■ PROBLEM DESCRIPTION:
Please copy each line of the listing below precisely, excluding the images.

Top of DATASET SECTION

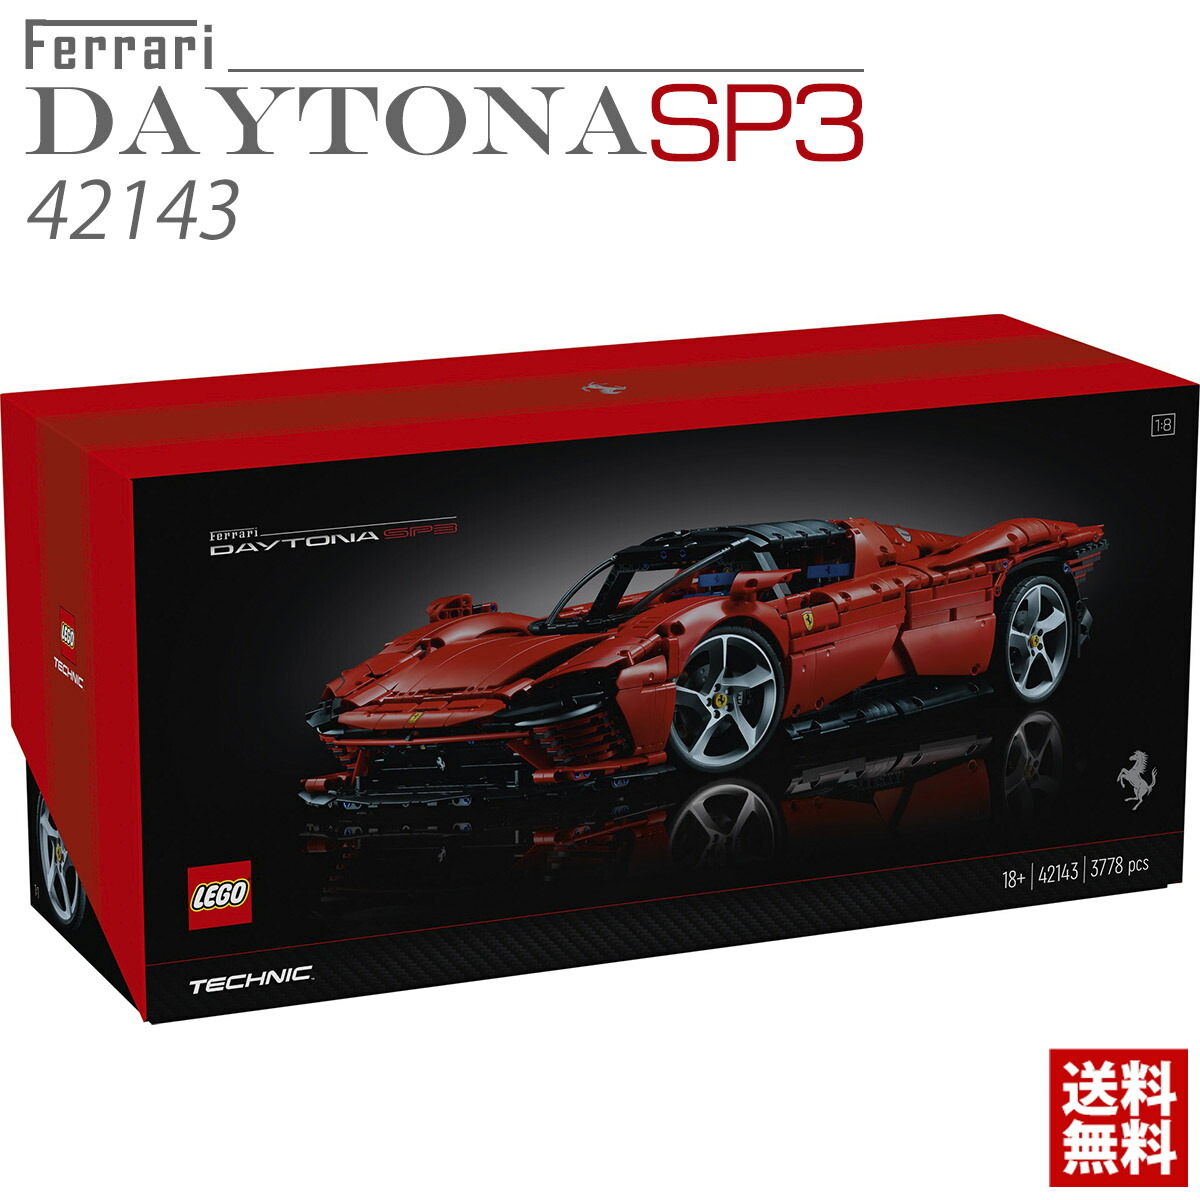 レゴ テクニック 42143 フェラーリ Daytona デイトナ SP3 LEGO 
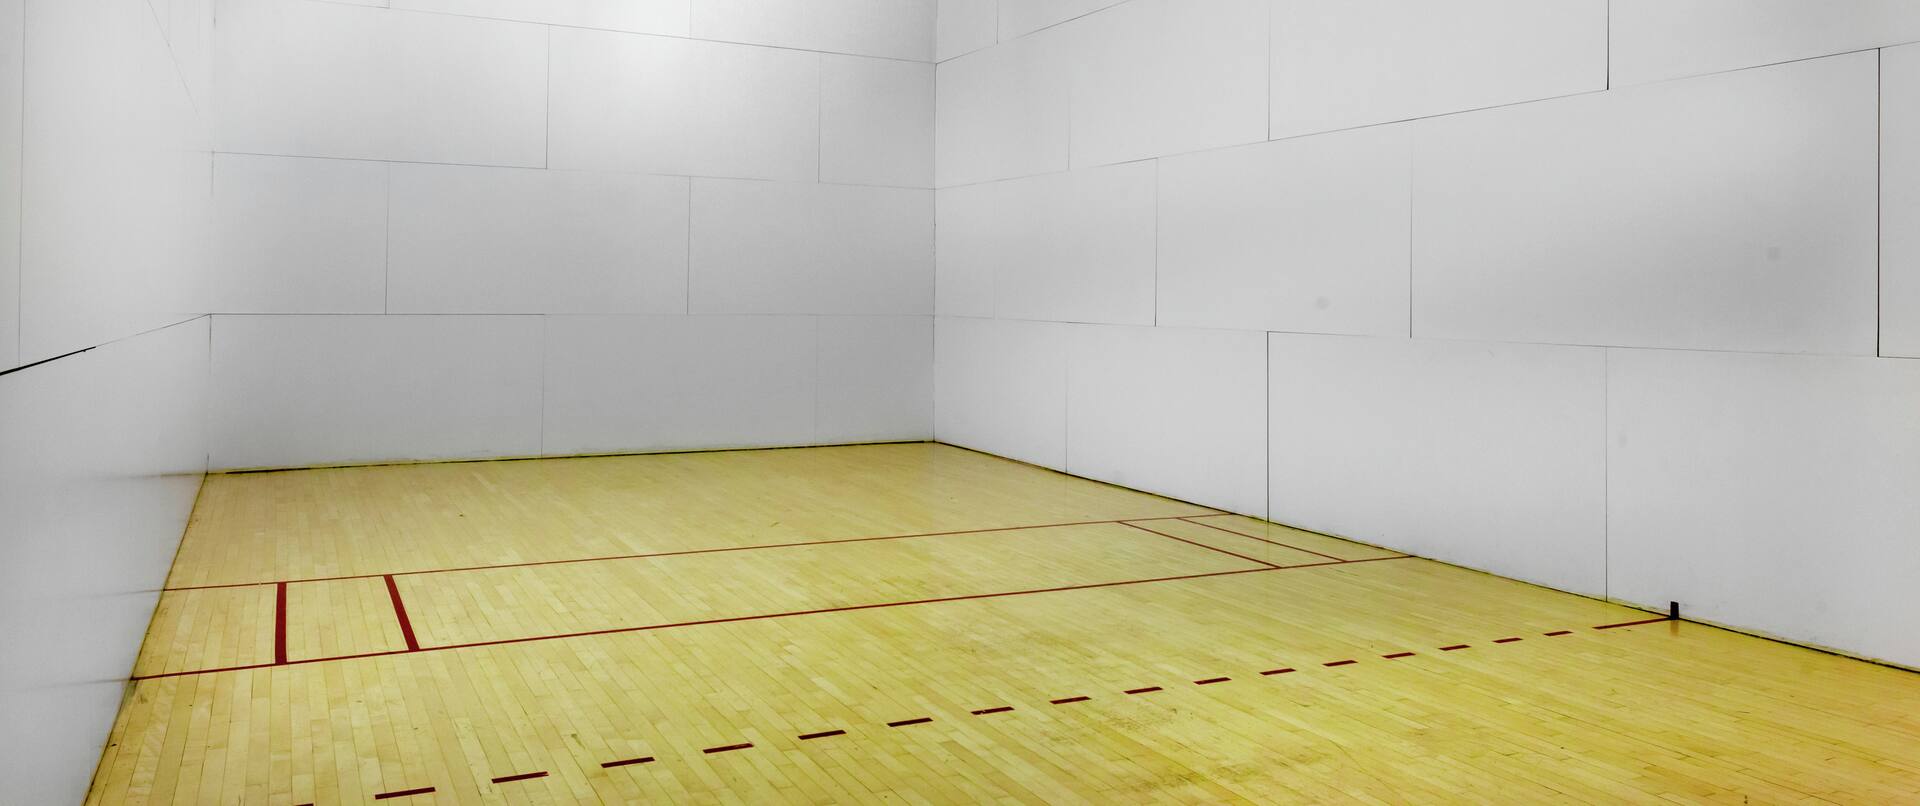 a racquetball court
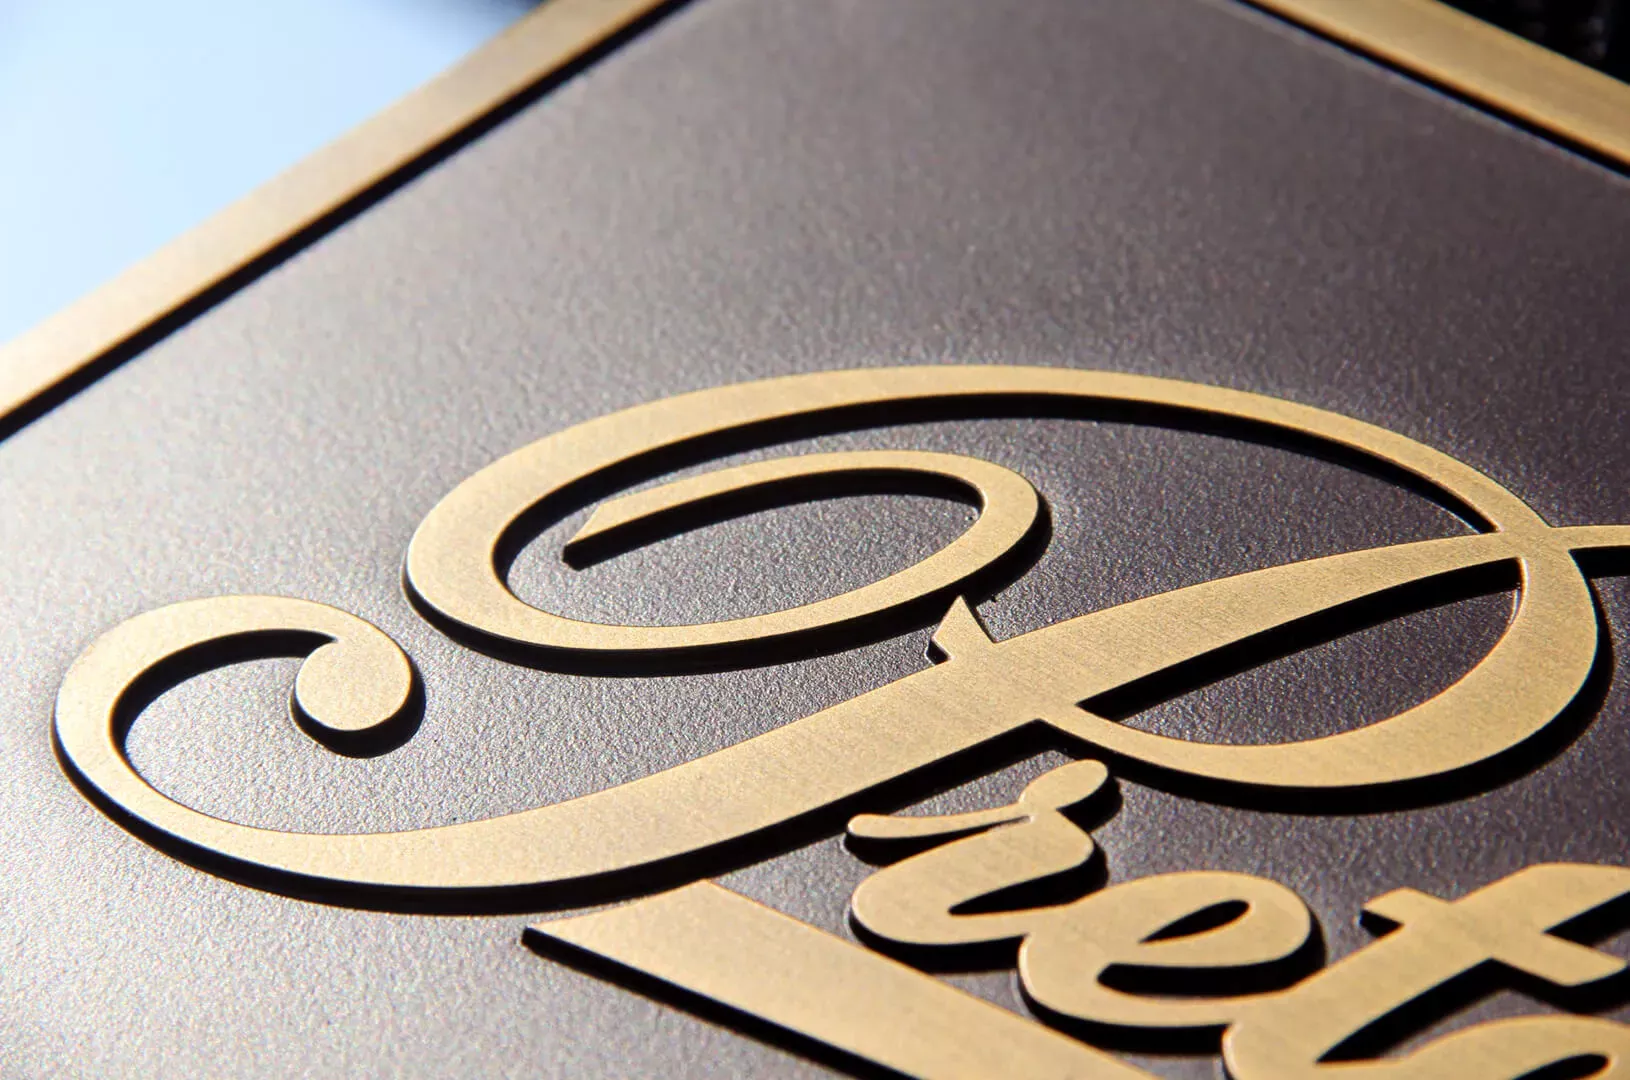 Gussplakette Pretende - Plakette aus Bronzeguss mit dem Pretende-Logo

Bottom of DATASET SECTION

■ SOLUTION TO THE EXERCISE:
 レゴ テクニック 42143 フェラーリ Daytona デイトナ SP3 LEGO 
 a racquetball court
 Gussplakette Pretende - Plakette aus Bronzeguss mit dem Pretende-Logo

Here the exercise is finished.